Asian Indices:
- Australia's ASX 200 index fell by -57.5 points (-0.79%) and currently trades at 7,256.80
- Japan's Nikkei 225 index has risen by 136.35 points (0.41%) and currently trades at 33,173.11
- Hong Kong's Hang Seng index has fallen by -141.12 points (-0.76%) and currently trades at 18,315.79
- China's A50 Index has fallen by -63.4 points (-0.49%) and currently trades at 12,767.22
UK and Europe:
- UK's FTSE 100 futures are currently down -30.5 points (-0.41%), the cash market is currently estimated to open at 7,407.43
- Euro STOXX 50 futures are currently down -16 points (-0.37%), the cash market is currently estimated to open at 4,253.16
- Germany's DAX futures are currently down -32 points (-0.2%), the cash market is currently estimated to open at 15,739.71
US Futures:
- DJI futures are currently down -12 points (-0.03%)
- S&P 500 futures are currently down -4.5 points (-0.1%)
- Nasdaq 100 futures are currently down -29.25 points (-0.19%)
With softer PMI surveys released this week from China and Europe, I expect the US service PMIs to be closely scrutinized later today. S&P Global will release the final report for August at 14:45, and a key question is whether the initial print of 50.4 will cross below the 50 threshold to denote industry contraction and spark fears of a recession. The ISM services PMI is also released shortly after, and we'll find out if the ISM suffers the same slump as the S&P Global report did earlier this month. A higher reading for prices paid could also put a wrench in the works and raise concerns of higher levels of inflation, further weighing on sentiment.
If PMIs continue to deteriorate, it further builds the case for the Fed to hold rates and brings forward bets of a potential cut. Yet ironically, that could further support the US dollar due to safe-haven flows, and send yields higher as investors want a higher premium in the face of a feared recession.
Regardless, a Fed hold seems likely this month, with Fed Fund Futures implying it with a 93% probability, and we're slowly seeing odds of a future hike also diminish.
This is the last week that Fed members can publicly speak about policy before the media blackout period begins on Saturday, so expect Fed members to take full advantage as they try to sway market expectations their way. Fed member Susan Collins speaks at 13:30 BST and Logan at 20:00.

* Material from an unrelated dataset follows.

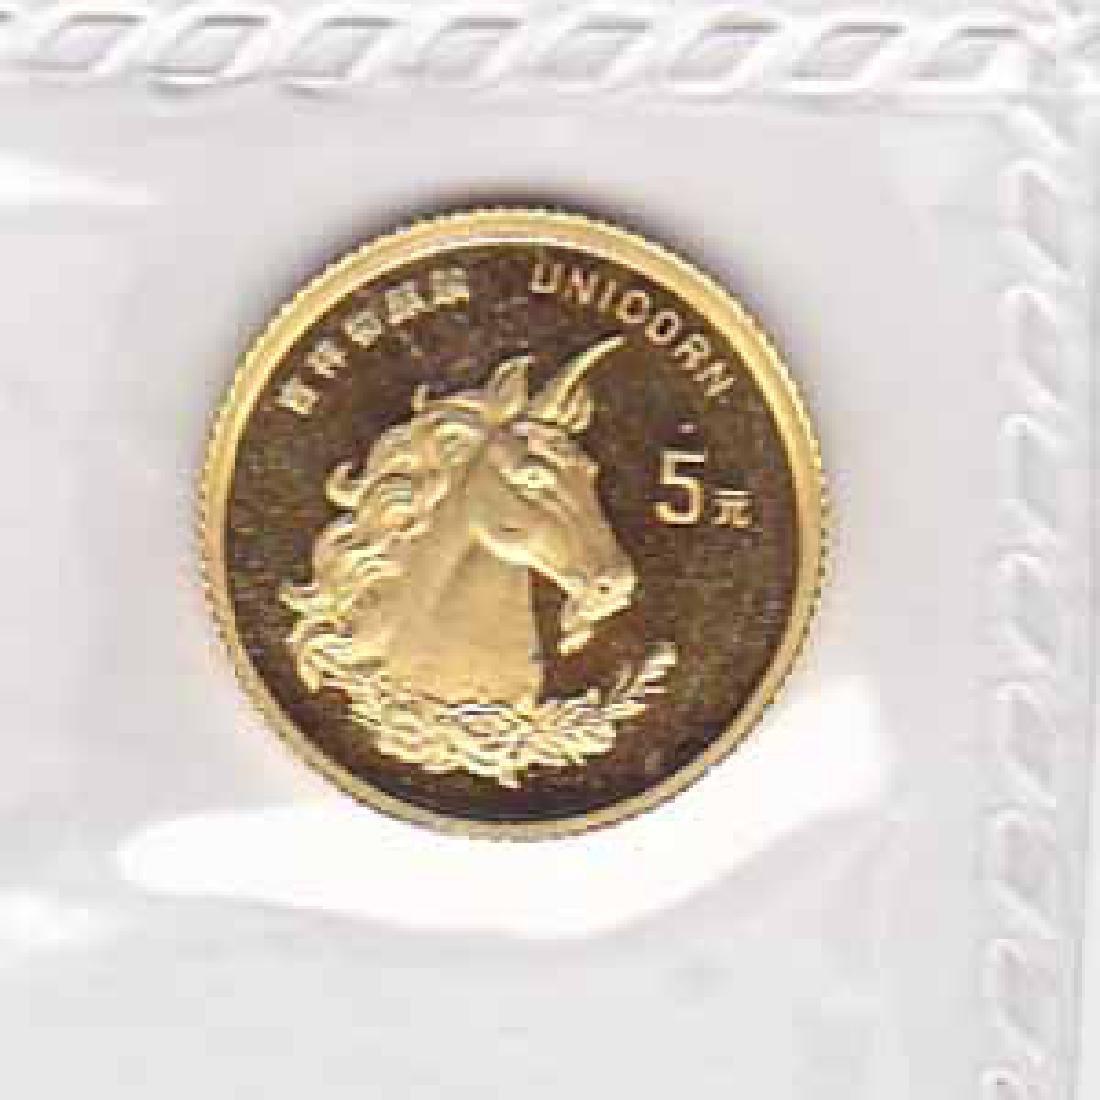 China 5 Yuan 1/20th ounce gold 1996 Unicorn

The Bank of Canada (BOC) are expected to hold rates at today’s meeting, given GDP unexpectedly contracted in Q2. Still, implied volatility has spiked higher for USD/CAD.
Events in focus (GMT+1):
- 07:00 – German factory orders
- 08:30 – German construction PMI
- 09:30 – UK construction PMI
- 10:00 – European retail sales
- 13:30 – Fed Collins speaks
- 14:45 – US services PMI (S&P Global)
- 15:00 – ISM services PMI
- 15:00 – BOC (Bank of Canada)
- 1-day implied volatilities are all above their 20-day averages, and USD/CAD takes the lead at 202% with the BOC meeting and two key US PMI reports on tap
- Currency ranges were minute during the Asian session, which adds to the potential for larger moves over the European and US sessions
- JPY is the strongest forex major with USD/JPY down a mere -26 pips, after Masato Kanda (ice Minister of Finance for International Affairs of Japan) gave verbal warnings to speculators over a weaker yen
- AUD/USD remains little changed but above yesterday’s YTD low, after Q2 GDP beat expectations. Although growth was driven by exports and investment whilst household spending – a key level of uncertainty for the RBA – remained weak
- USD/CNH rose for a third day in in line with my bias from today’s Asian Open report, despite reports that China’s state owned banks were selling USD/CNH in the face of US dollar strength
USD/CAD technical analysis (1-hour chart):
USD/CAD remains in a strong uptrend, with a large bullish engulfing day forming after its retracement hit my initial 1.35 downside target. Prices have now risen back into the May and April highs ahead of key US data, Fed members speaking and a BOC interest rate decision.
I must say that I am seeing a lot of comments on US strength (and I myself have ben part of that probable this week). But the contrarian within me is wondering if we’re at a small inflection point for US dollar strength. Perhaps the BOC pause will not be as dovish as expected, Fed members tout a hold or the rise of bond yields (and therefore the US dollar) lose steam.
If so, USD/CAD may be better for short bets beneath the April highs. The 1-hour chart shows a lower high which formed with a 2-bear bearish reversal around the weekly R1 pivot point. If the above three factors come into play, a move back towards 1.36 / weekly VPOC’s does not seem far fetched.
Of course, if the dollar continued to surge and the BOC deliver a dovish hold, a break above the April high and rally to 1.37 or 1.372 (weekly R2) seems achievable). Either way, USD/CAD finds itself at an interest juncture.